Devenir non-résident

En déménageant à l’étranger, Aurélie et Thomas pourraient être tentés de faire une demande pour devenir non-résidents du Canada et cesser de payer de l’impôt ou presque. Or, il faut en général ne plus avoir de liens de résidence au Canada. S’ils gardent le condo, ils seront plutôt considérés comme résidents de fait et devront payer de l’impôt, sauf certaines exceptions.

« Il y a des règles complexes à vérifier qui varient selon les pays, avertit Pierre-Raphaël Comeau. Il y a des spécialistes de l’expatriation qu’il faut consulter avant de quitter le Canada. »

« La réflexion doit se faire au moins deux ans avant de passer à l’acte, insiste-t-il. On suggère d’aller passer six mois à l’étranger, dans le pays où l’on souhaite vivre, avant de faire le saut pour de bon et renoncer à sa citoyenneté canadienne. Car certains pays chauds sont agréables en vacances deux semaines, mais peut-être moins quand on y vit toute l’année avec des restrictions en électricité. »

Si Aurélie et Thomas répondent aux exigences de l’expatriation, ils devront souscrire à des assurances médicales dans le pays choisi. S’ils restent citoyens canadiens, ils pourront acheter une assurance maladie prolongée pour l’étranger ici.

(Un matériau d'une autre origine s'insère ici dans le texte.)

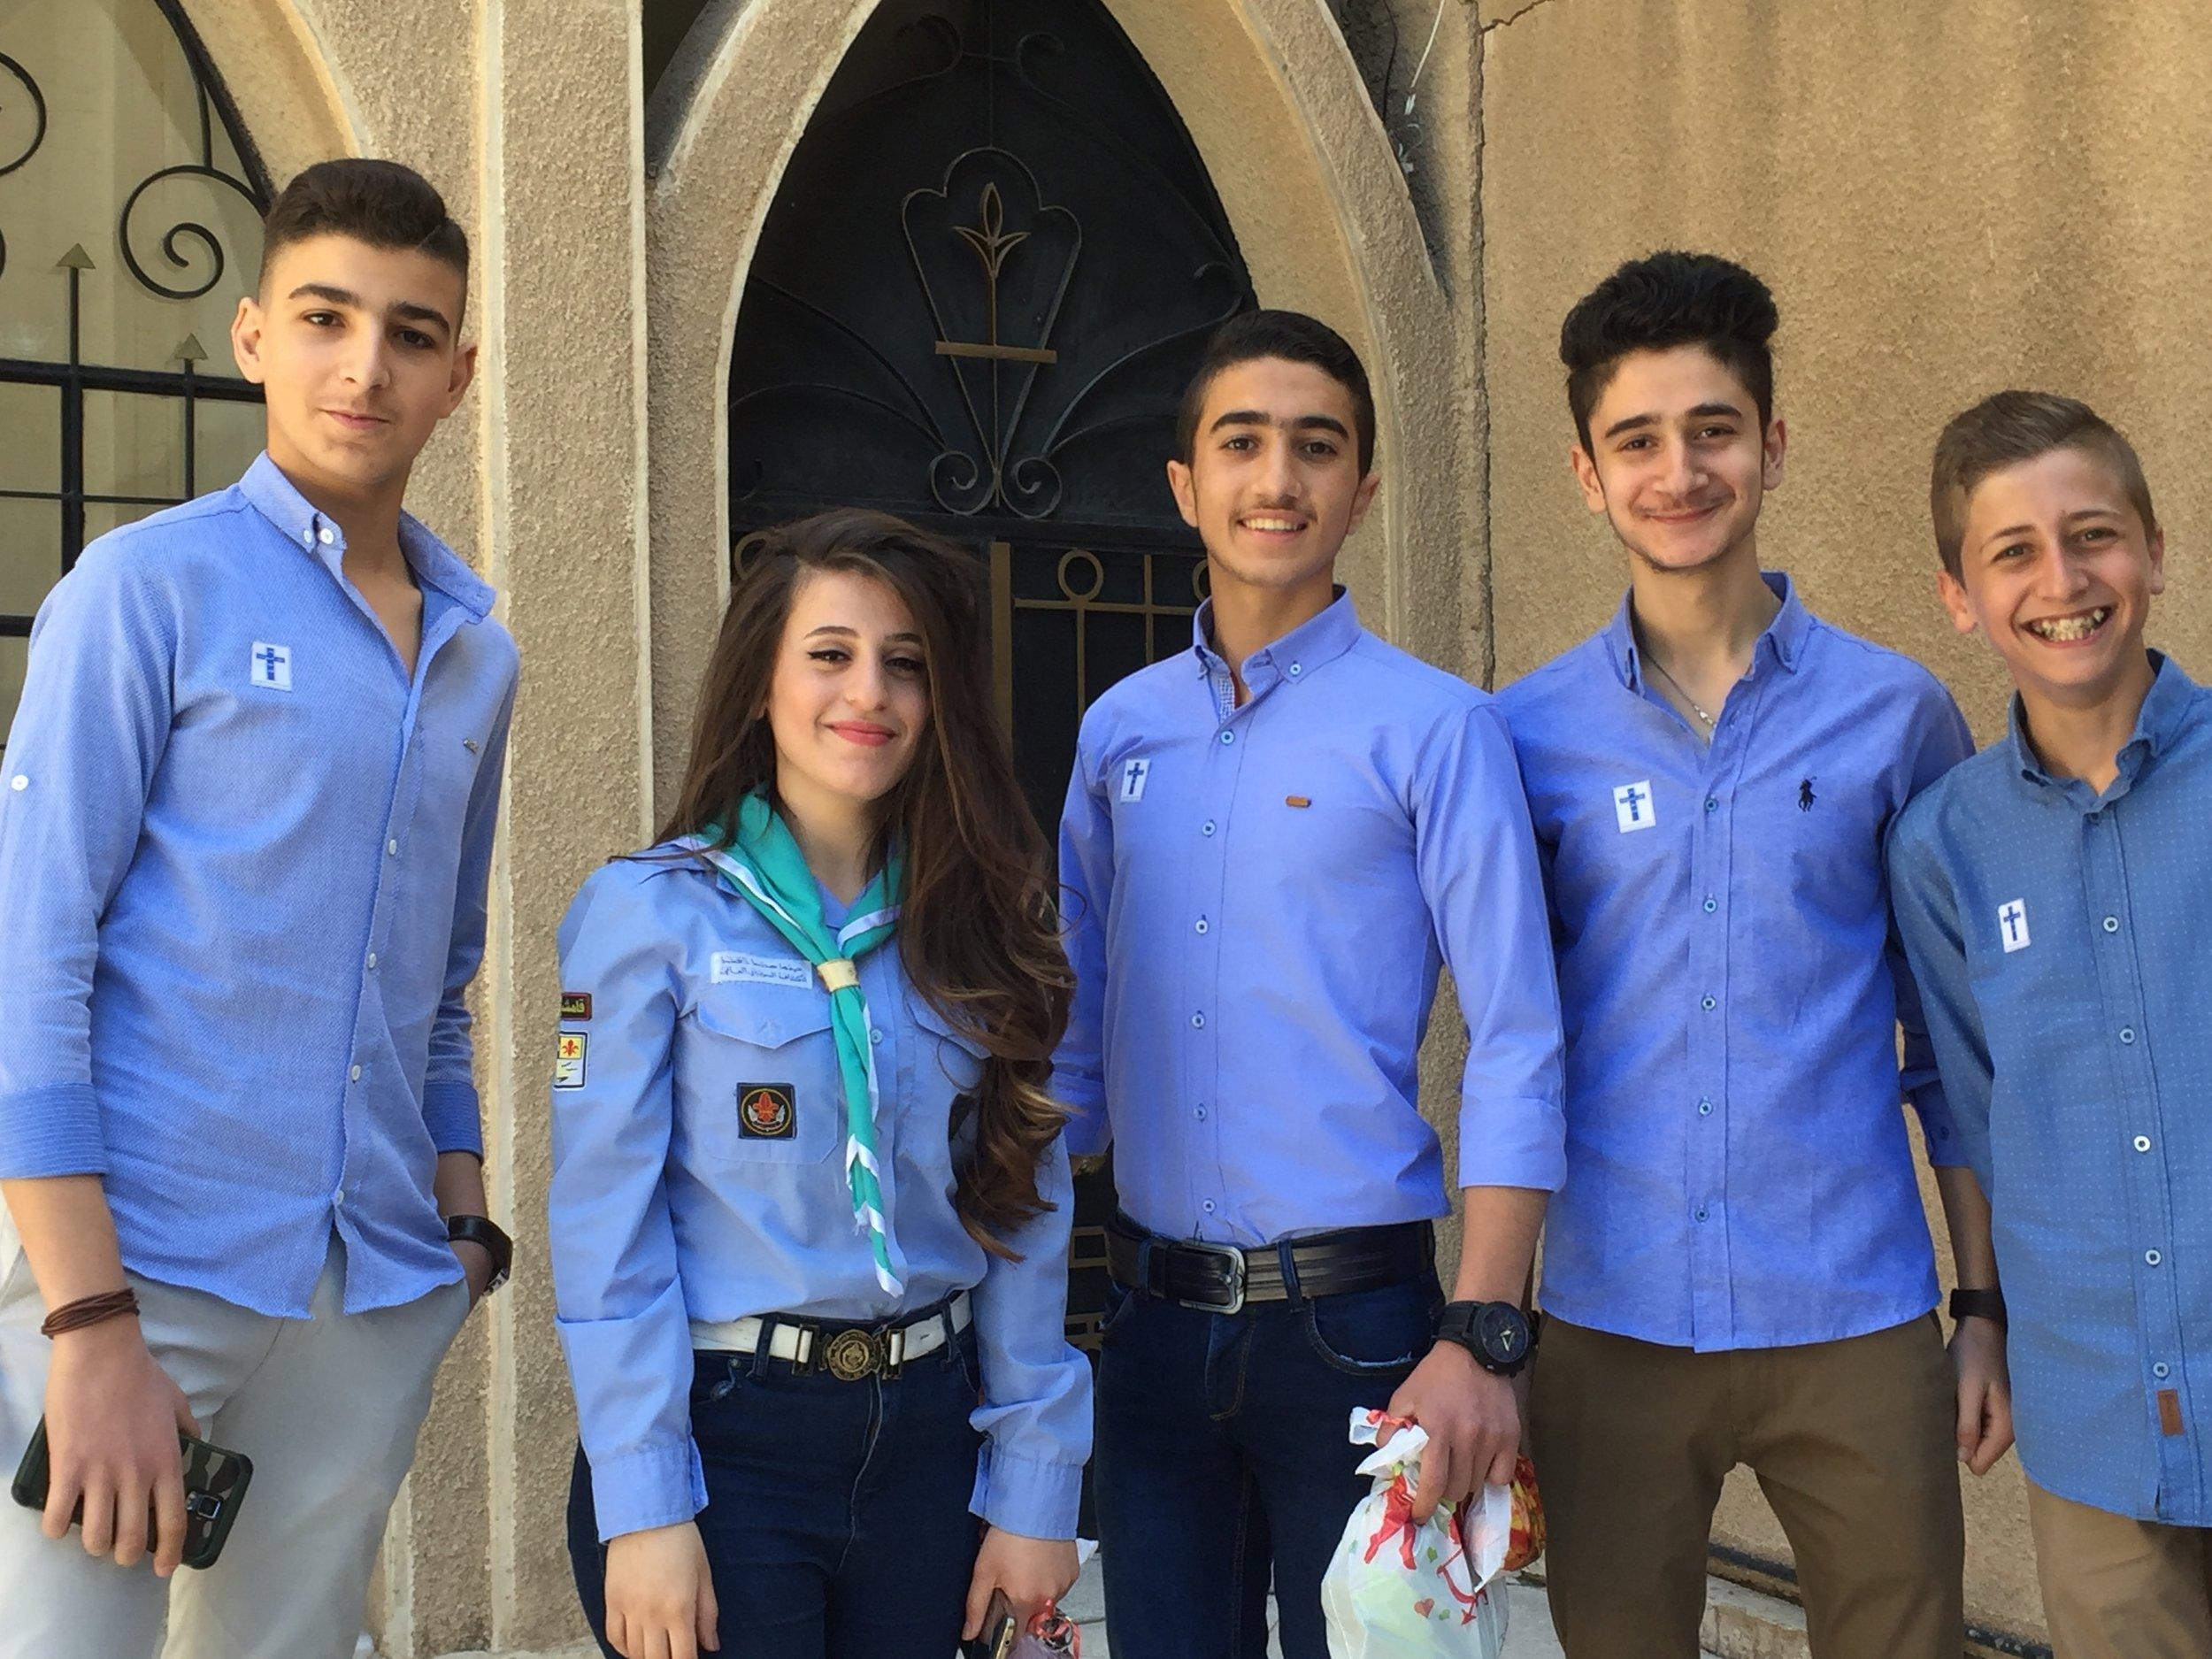 At Qamishli Church, the future looks bright.

À titre d’exemple, un couple non adepte de sport extrême et en bonne santé devra débourser 3600 $ pour une assurance maladie d’un an avec assurance-vie, quel que soit le pays sur la planète. Sans assurance-vie, le montant baisse à 3300 $. À noter que l’assurance couvre les soins d’urgence et non les visites de routine chez le gynécologue ou le dentiste.

* Bien que le cas mis en lumière dans cette rubrique soit réel, les prénoms utilisés sont fictifs.